*** Begin section ***

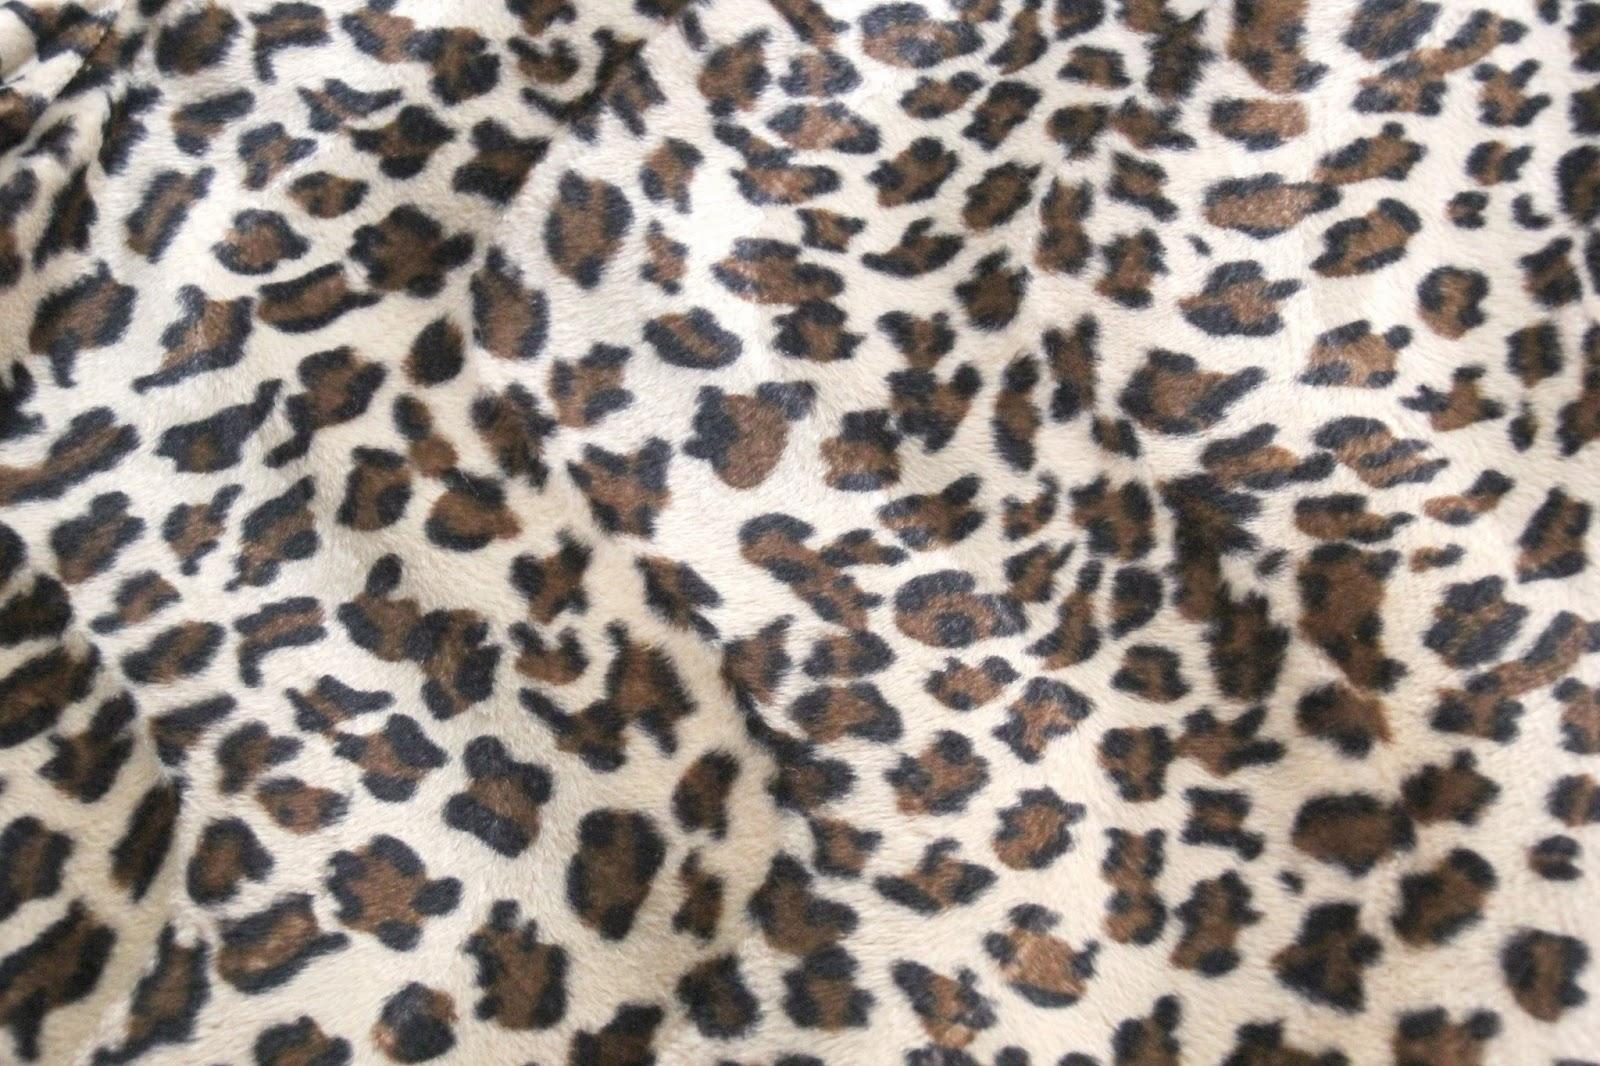 diy abrigo de pelos animal print (patrones gratis) - Handbox Craft ...
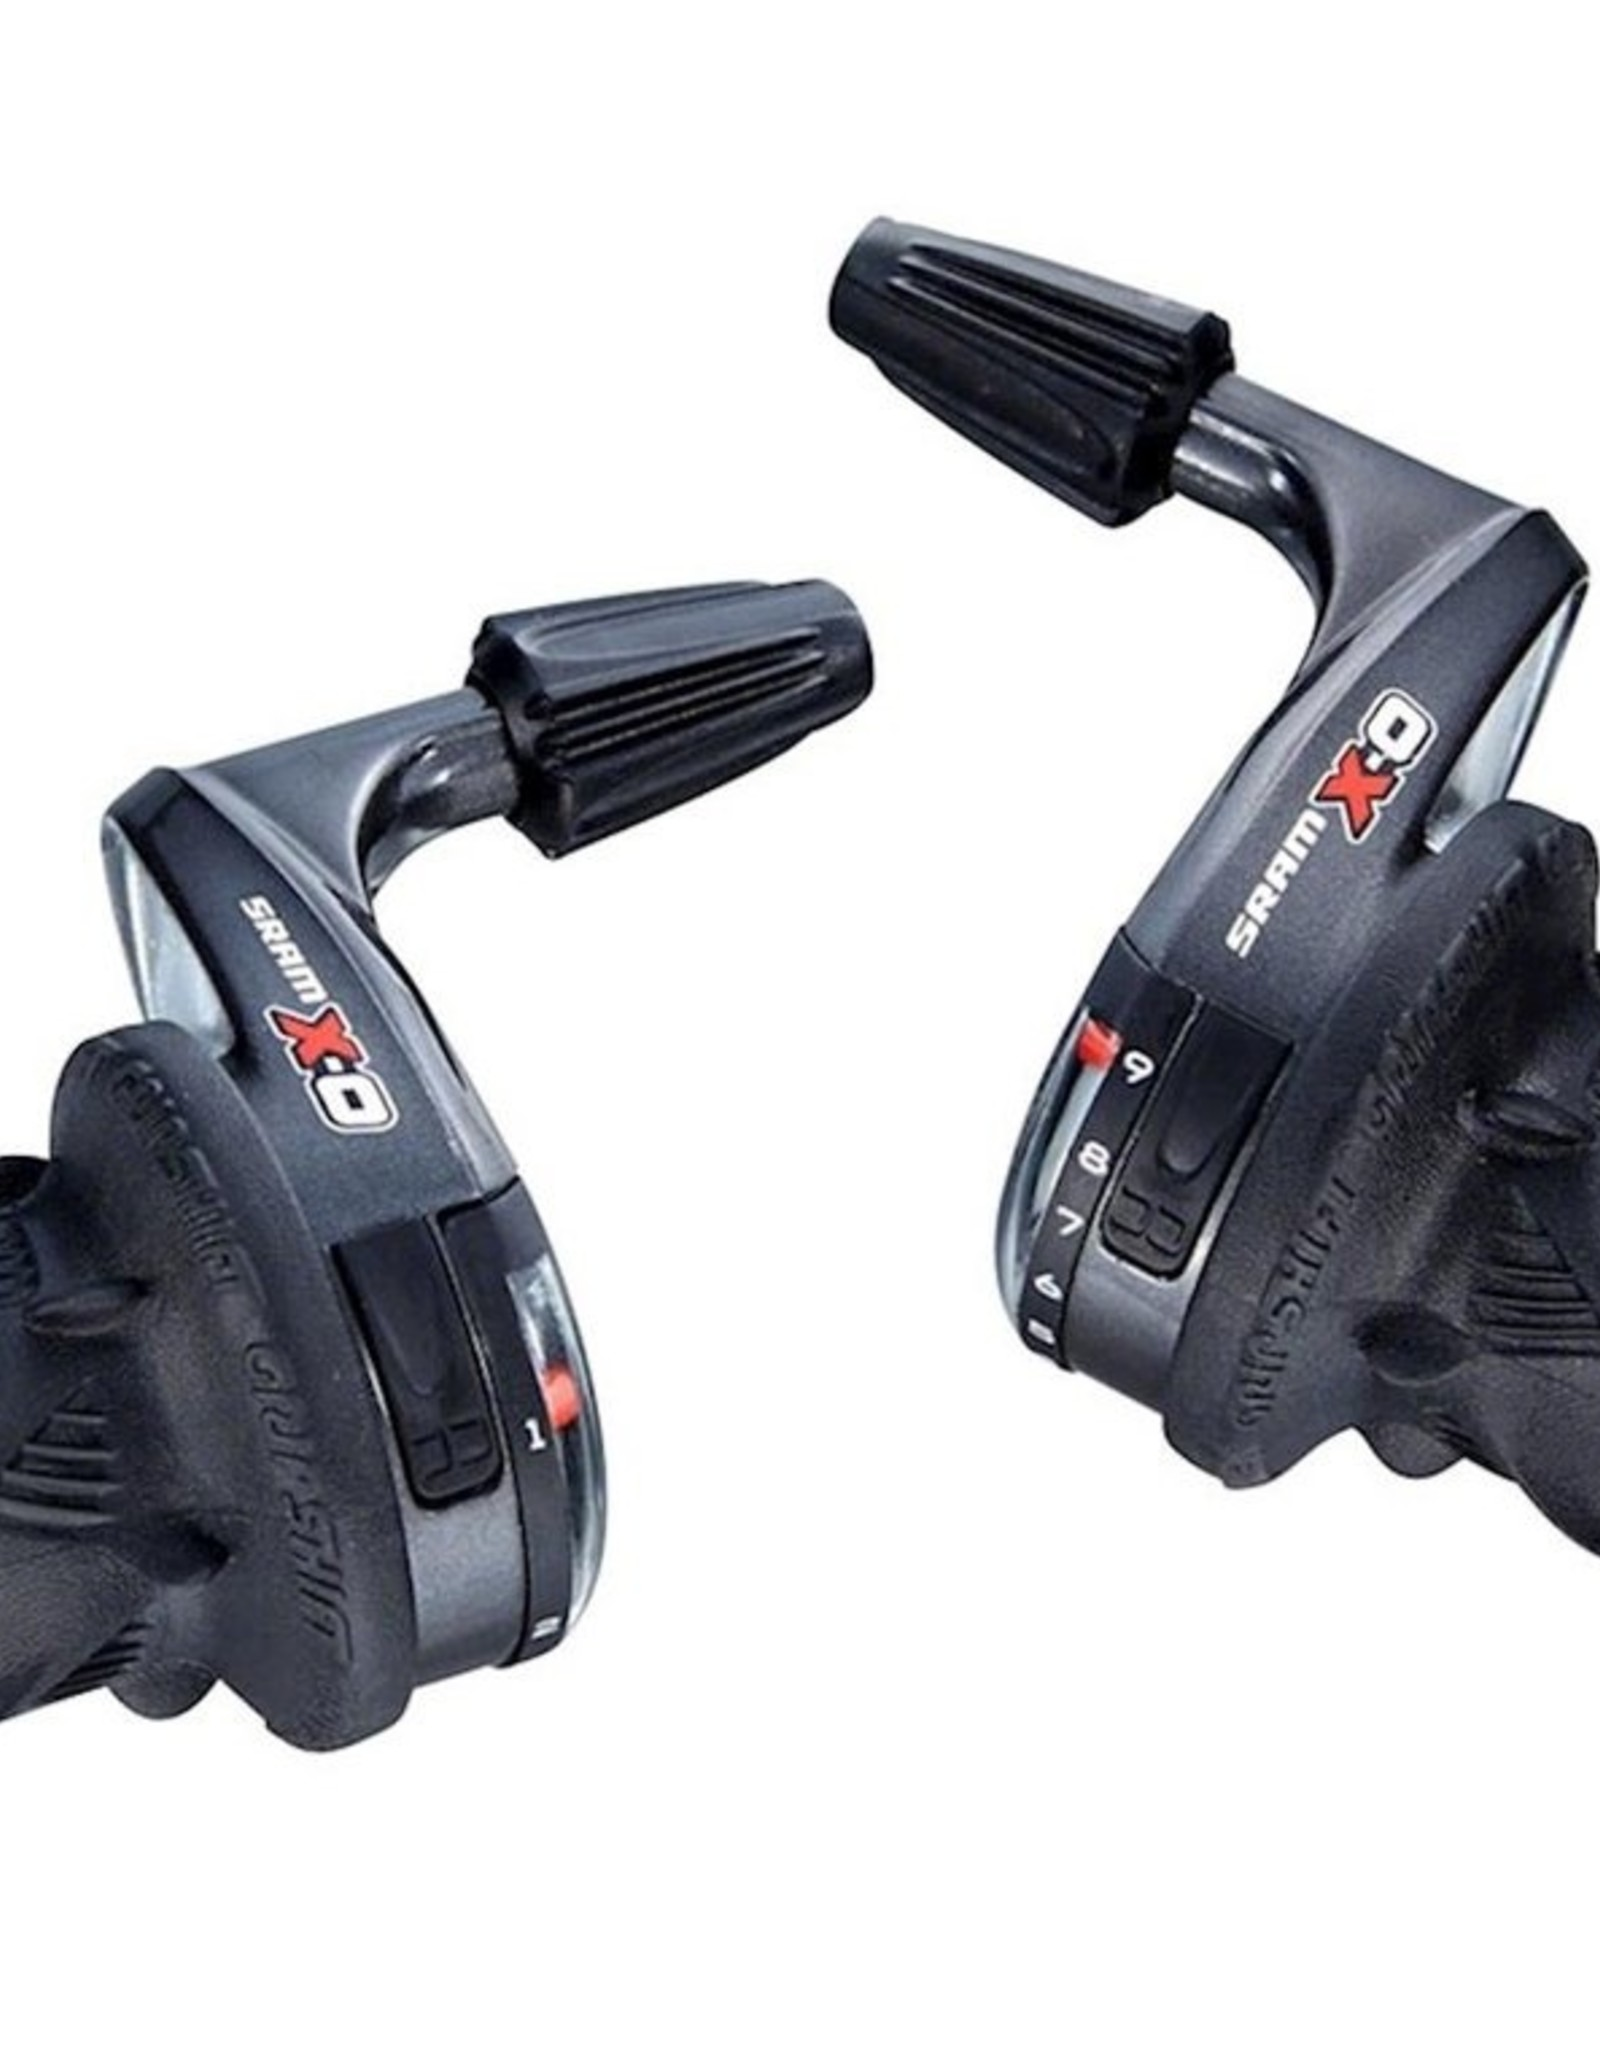 SRAM X0 3 x 9 Speed Twist Shifter Set, Left Shifter is Microfriction
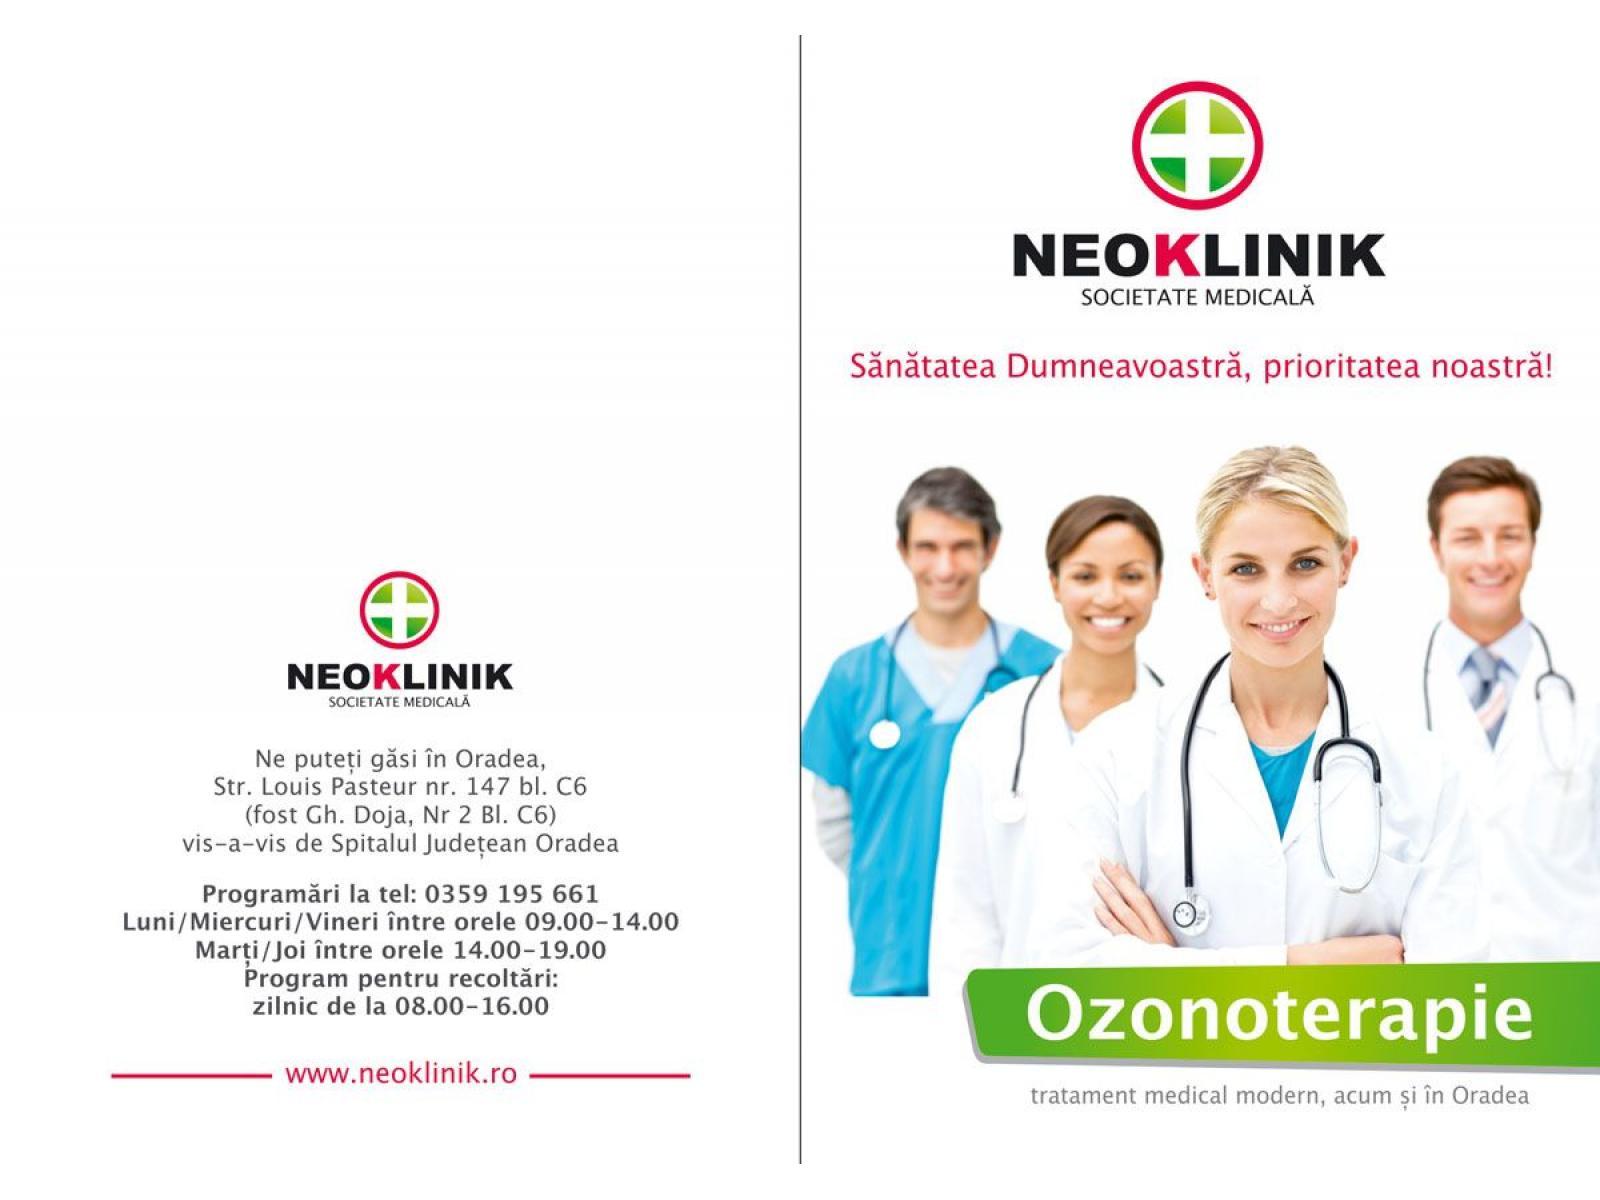 NeoKlinik - FLUTURAS_NEOKLINIK_A5_coperta.jpg

*** End section ***

# What you need to do
For this exercise, transcribe the data above line by line, exactly, with pictures omitted.

# Final answer
 diy abrigo de pelos animal print (patrones gratis) - Handbox Craft ...
 SRAM X0 3 x 9 Speed Twist Shifter Set, Left Shifter is Microfriction
 NeoKlinik - FLUTURAS_NEOKLINIK_A5_coperta.jpg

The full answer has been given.